This subject commends itself to us also from another point of view. We are the witnesses of an unparalleled triumph of ecclesiastical authority, which takes advantage of all the ground left at its disposal by the general indifference. Our century has seen that which would not have been endured by any previous age. It has received the gift—fatal or precious—of pushing every principle to its ultimate issues. The Roman—I will not say the Catholic—principle achieved its most signal victory when a new dogma was proclaimed by a single man. The intoxication of success has closed the ears of the Ultramontane party against the protestations—dull as yet—of the Christian conscience in the bosom of that very Church, whose rights have thus unscrupulously been trodden under foot. The approaching Council, if we may judge by the letters of convocation, is about to formulate as dogmas the most senseless pretensions of Ultramontanism—the infallibility of the Pope, the temporal power, and the negation of liberty of conscience. Discussion would be perfectly useless with the heads of this party, who will see nothing, hear nothing, that differs from their own opinion, "Let the dead bury their dead," and let us not concern ourselves with them, except when they seek to bury us also in the same tomb. But it would be a serious mistake to suppose that this intolerant faction has succeeded in overcoming all resistance. A formidable crisis has commenced in the history of Catholicism, and nothing will check it. Grave questions are proposed; it must be ascertained whence the Papacy has derived this vast authority which it has so boldly assumed. Let us produce its titles. It is cited before the bar of history. Now or never is the time to listen to that inflexible judge, whose sentence, thanks to the discovery of numerous documents, we can hear for ourselves. It is clear what interest must attach under these circumstances to an investigation of the history of primitive Christianity.

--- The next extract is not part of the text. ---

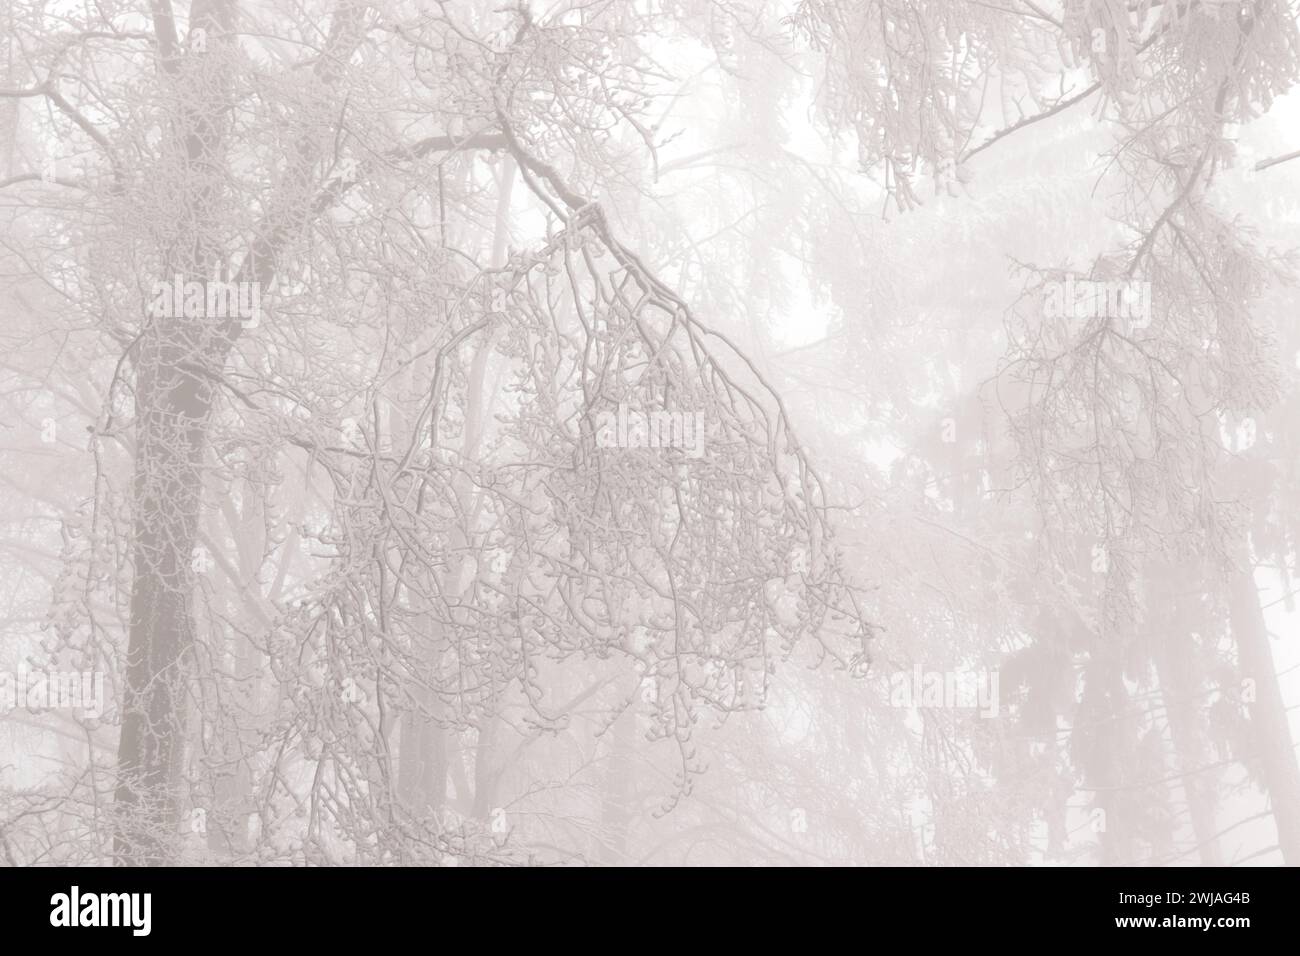 Rauhreif und Nebel im Wald Stockfoto

Nor has the subject a lower claim on Protestants. Before them also there are serious questions for solution, both in the domain of theology and in that of the Church. There is not a single religious party which does not feel the need either of confirmation or of transformation. All the Churches, born of the great movement of the sixteenth century, are passing through a time of crisis. They are all asking themselves, though from various stand-points, whether the Reformation does not need to be continued and developed. Aspiration toward the Church of the future is becoming more general, more ardent. But for all who admit the divine origin of Christianity, the Church of the future has its type and ideal in that great past, which goes back not three, but eighteen centuries. To cultivate a growing knowledge of this, in order to attain a growing conformity to it, is the task of the Church of to-day. This is the path in which it will find liberty and holiness—those two attributes so closely linked together, and so necessary to enable the Church to rise to the height of its true vocation. In the same direction it must move, in order to make that advance in its theology which prudence and necessity alike dictate, and which will consist only in an ever-deepening appropriation of apostolic doctrine. Thus by a concurrence of circumstances, which reveal the manifest will of God, the attention of our age is directed to the question of the origin of Christianity.
This great subject we have attempted to treat in the present work, going back always for our materials to original documents. It is indeed an enviable task to take up the history of the early ages of Christianity, thanks to the abundant sources of information now opened, and to the invaluable discoveries of manuscripts made during the past few years.
It is our aim to present as full a picture as possible of this period, commencing with the apostolic age, which is so little understood, either from religious indifference or because of the unintelligent veneration which surrounds it with a legendary glory, behind which its types lose all distinctness and originality. St. Peter, St. Paul, and St. John appear too often like those fabulous heroes placed by tradition on the threshold of the historic age, after whose era history, properly so called, begins. We feel the necessity of reconquering, as part of the domain of history, this primitive age of the Church. It will thus regain color and life.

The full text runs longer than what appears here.